Mano a mano che il rapporto con Lionel si consolida (e si sfalda quello con il marito, che non riesce quasi a riconoscere la consorte), è però evidente che la salute di lui sta peggiorando. Lo si vede sempre più spesso chiamare il medico e ad aiutarsi con un respiratore artificiale. Quando Lionel capisce che il suo tempo si sta esaurendo, dice a Diane:”Voglio poter andare più al largo. E voglio che tu sia con me.” Dopo di che, le chiede di rasarlo interamente, dalla testa ai piedi. Ecco che l’elemento fiabesco ritorna: liberato dalla pelliccia della Bestia, rimane solo un Lionel umano, che può congiungersi con la Bella. In una stanza dipinta di un blu intenso, il colore della profondità e dell’inconscio, cade ogni differenza tra i due, i loro corpi bianchi possono incontrarsi e fondersi. Infine si recano al mare; dopo tante location in interno o urbane, l’inquadratura sembra aprirsi e respirare. E’ un arrivederci, non un addio: il mare li investe ed inghiotte, come in un battesimo. Dall’acqua uscirà solo Diane, ormai sola, ma pronta a percorrere il suo cammino e a seguire la sua vocazione.

Diane

Diane Nemerov (14 marzo 1923-26 luglio 1971) nacque negli Stati Uniti da una ricca famiglia ebrea di origine polacca, che aveva fatto fortuna grazie al negozio di pellicce “Russeks.” In seguito al matrimonio con Allan Arbus (1941), i due aprirono un piccolo studio fotografico, con cui realizzavano principalmente servizi per riviste di moda. Spronata dal marito a crearsi un progetto fotografico suo, la Arbus frequentò diversi corsi di fotografia, durante i quali apprese la tecnica e capì che tipo di immagini voleva creare: capì che voleva fotografare ciò che era considerato sgradevole, sordido. Dagli anni ’60 si dedicò quindi a fotografare gli artisti del circo, ma anche travestiti, nani o giganti. Frequentava spesso il museo dei mostri Hubert, ed in seguito fu ammessa a fare foto in un campo di nudisti.
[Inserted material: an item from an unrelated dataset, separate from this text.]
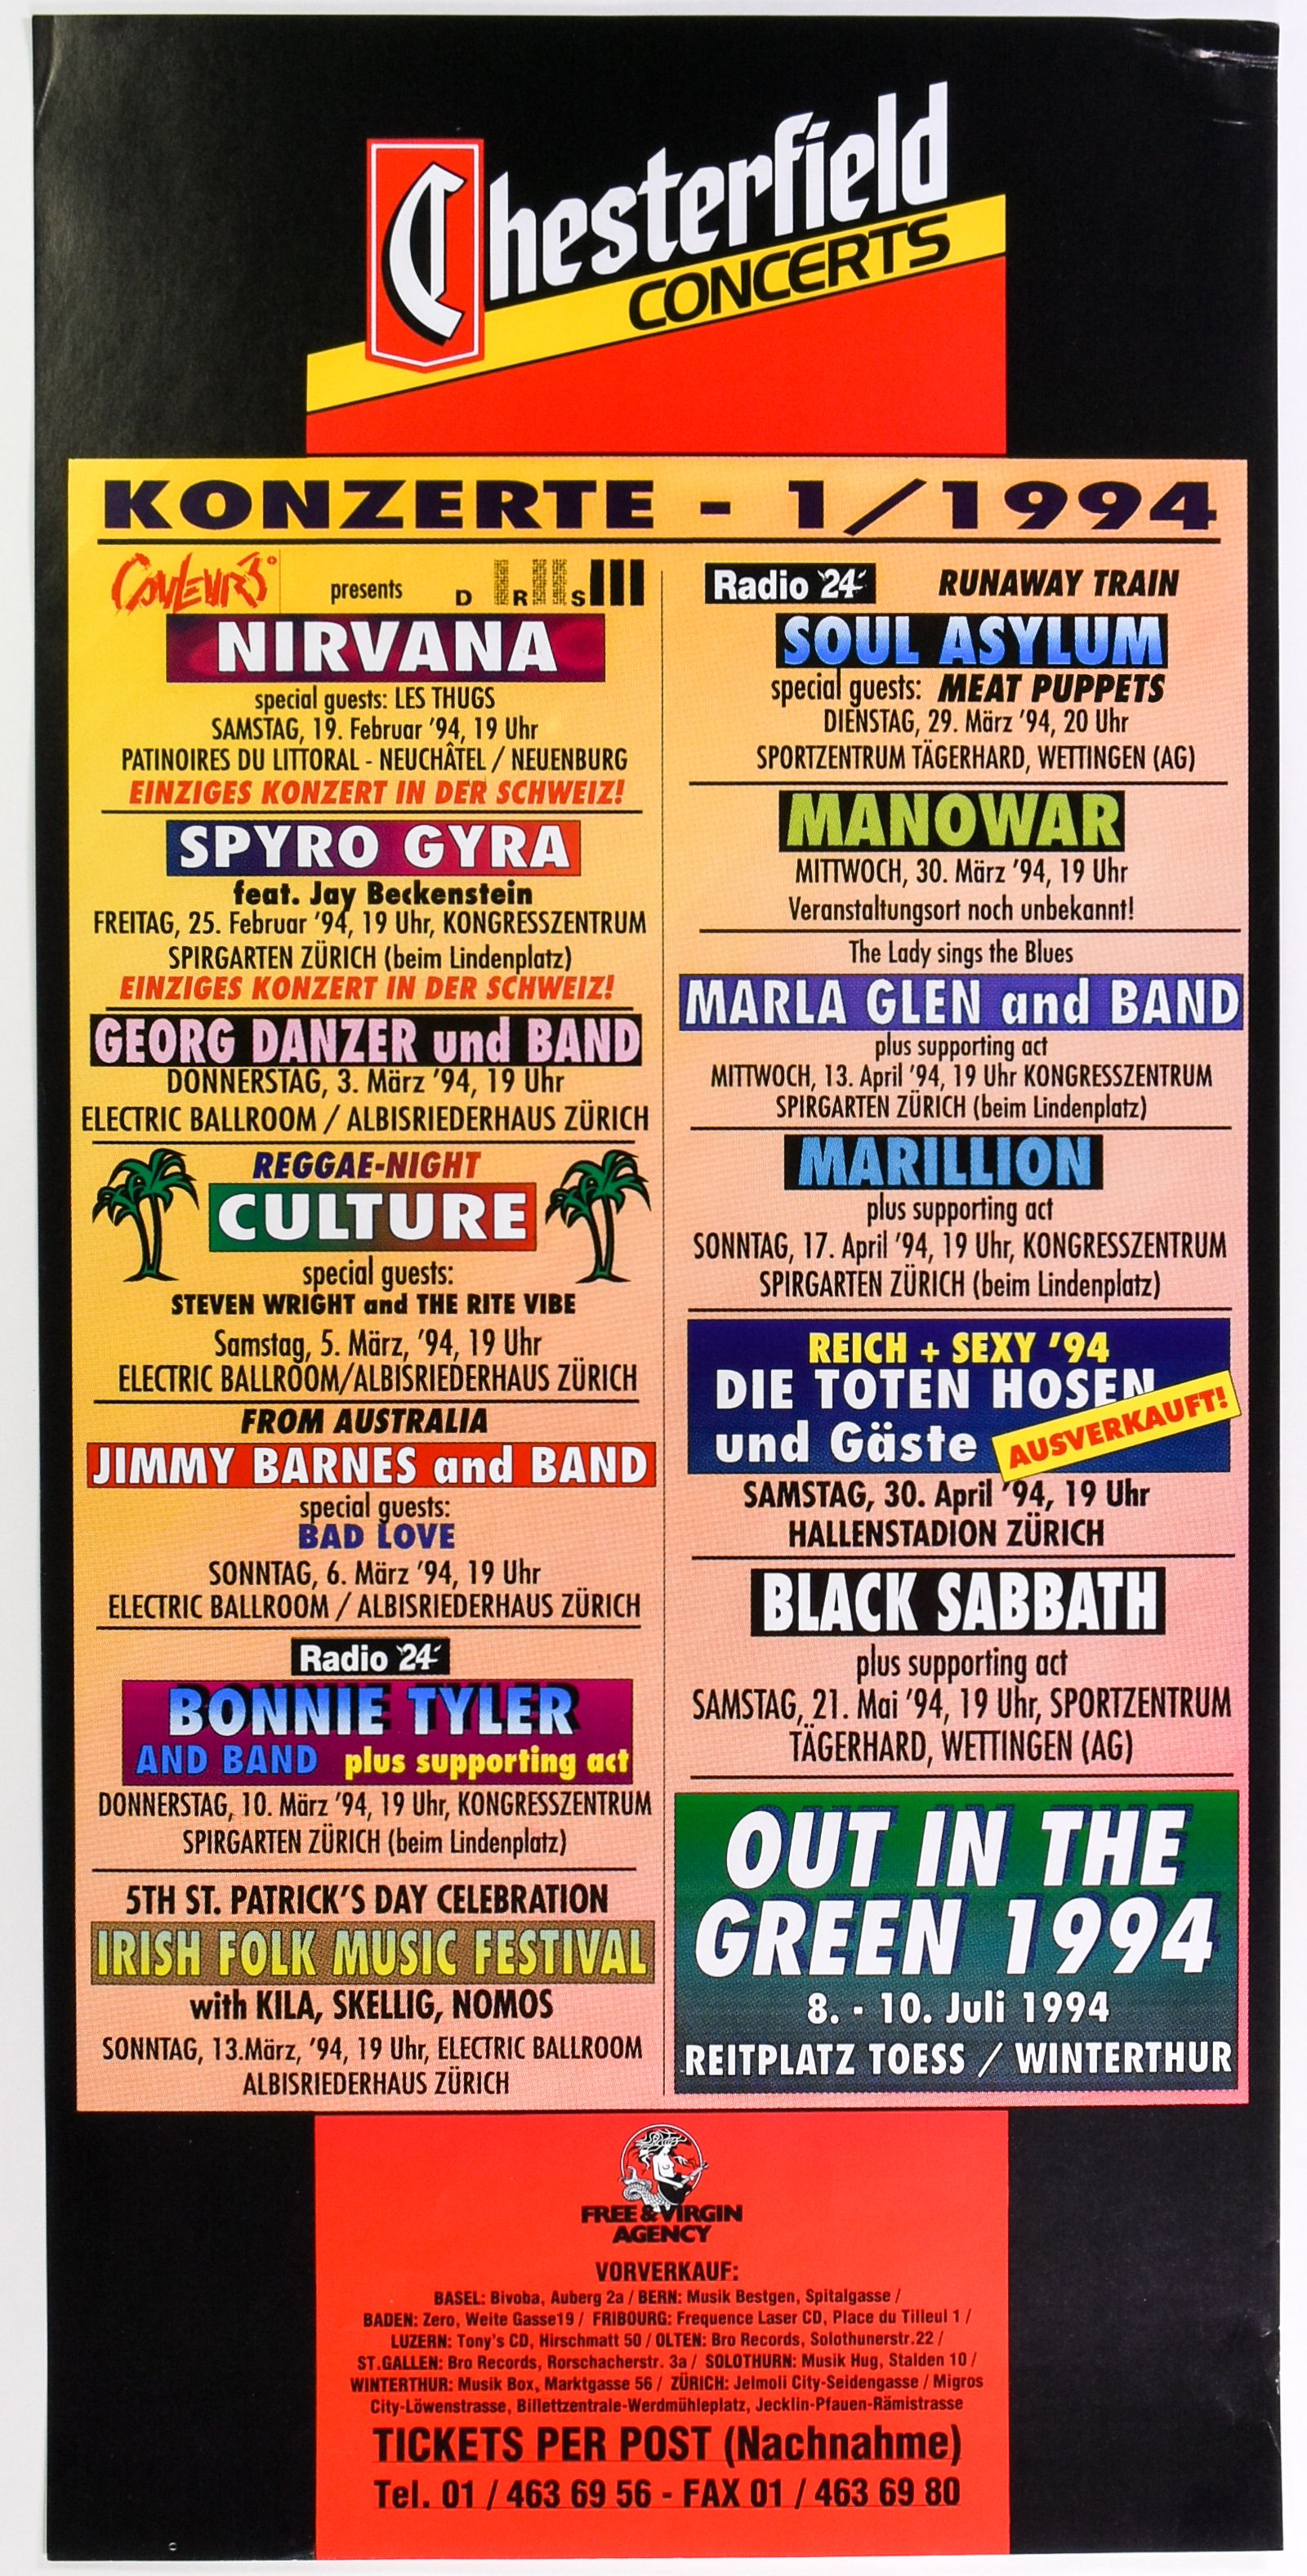 Nirvana, Black Sabbath & Manowar - Chesterfield Concerts Promotional Calendar 1994 Concert Poster
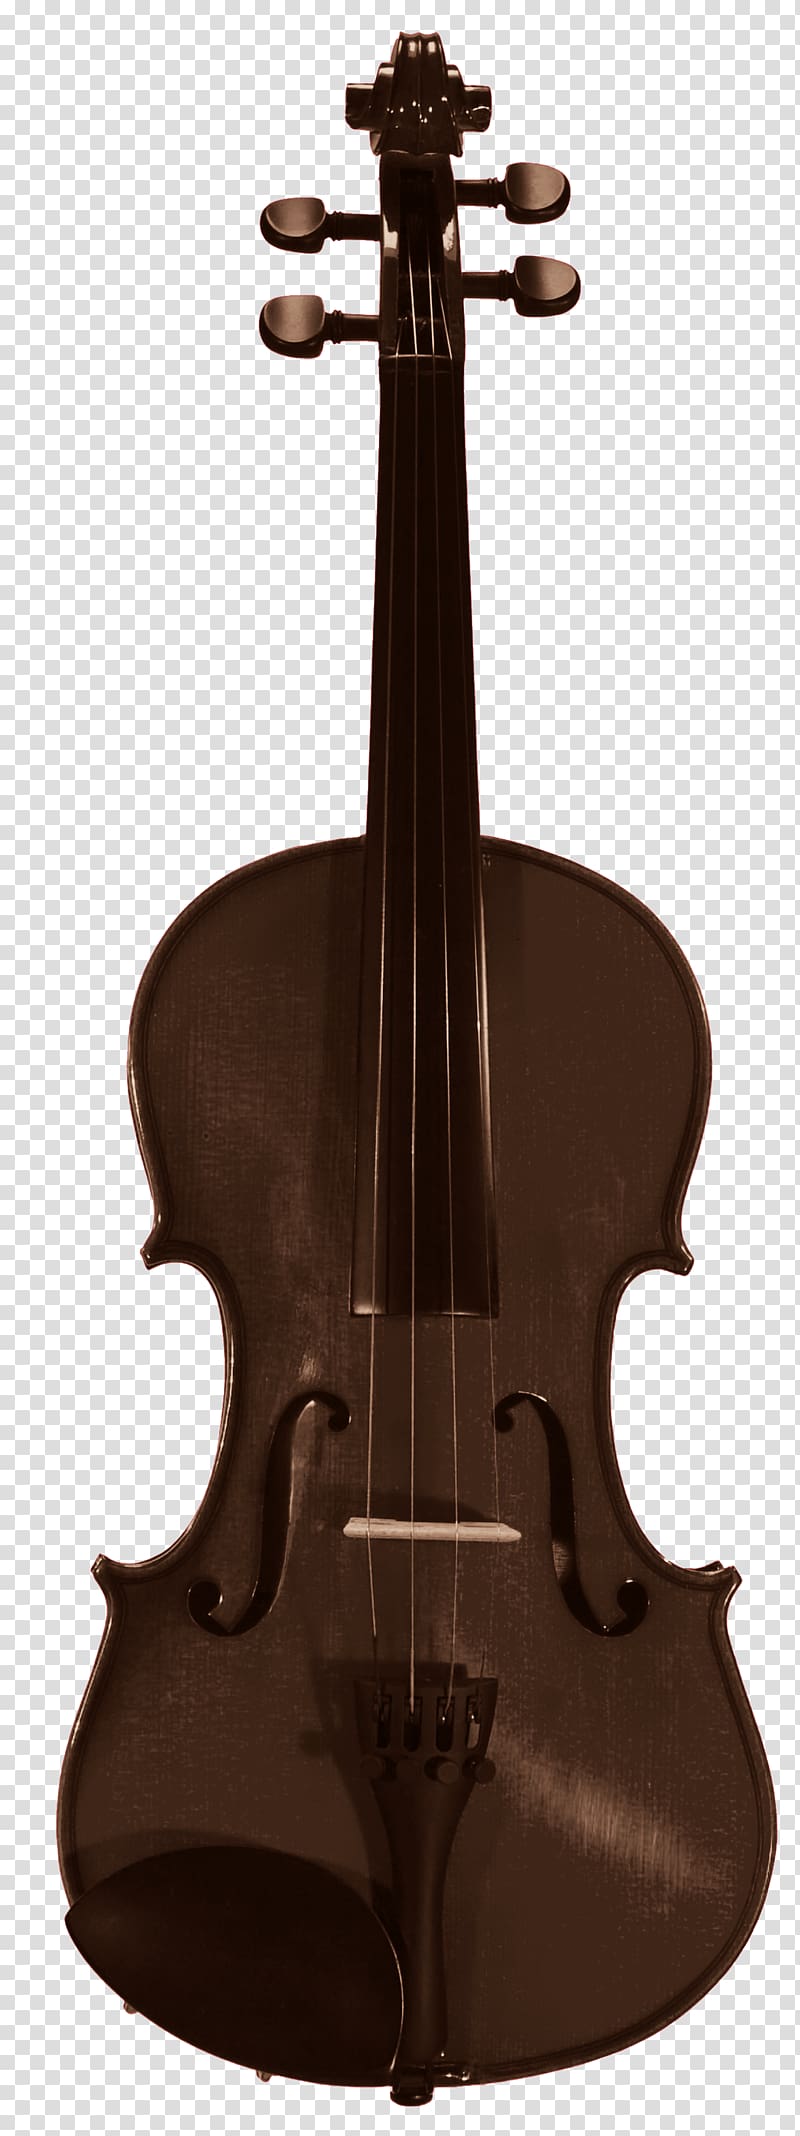 CK Violins Musical instrument Viola, Beautiful brown violin transparent background PNG clipart

Questo tipo di soggetti le fece incontrare molte difficoltà sia per farsi commissionare lavori, sia per esporre; è risaputo che alcuni visitatori arrivarono a sputare su alcune sue foto esposte al Moma di New York, nel ’65. La sua produzione artistica fu compresa tra il 1960 ed il 1971, anno della sua morte. Pur non essendo annoverata tra i maestri della fotografia, il lavoro della Arbus è stato comunque seminale per molti altri artisti. L’omaggio più celebre è senza dubbio quello di Stanley Kubrik, che ha ripreso in “Shining” il celebre ritratto delle gemelle.

Steven Shainberg, regista di “Fur,” dice di lei:”C’è un’incredibile intimità in quelle immagini. Non solo quello che il soggetto delle foto ha rivelato a lei, ma anche quello che lei ha rivelato al soggetto riflesso nella macchina fotografica. Quelle immagini, molte di esse, riguardano la relazione profonda con la persona che percepiamo nella stanza; lei, dietro l’obiettivo. Questo è un primo aspetto. Il secondo aspetto è che mettono in discussione il nostro terrore, pregiudizio, impressionabilità e rifiuto. E quelle immagini ci costringono ad accettare che ci sono cose che fatichiamo ad ammettere con noi stessi.”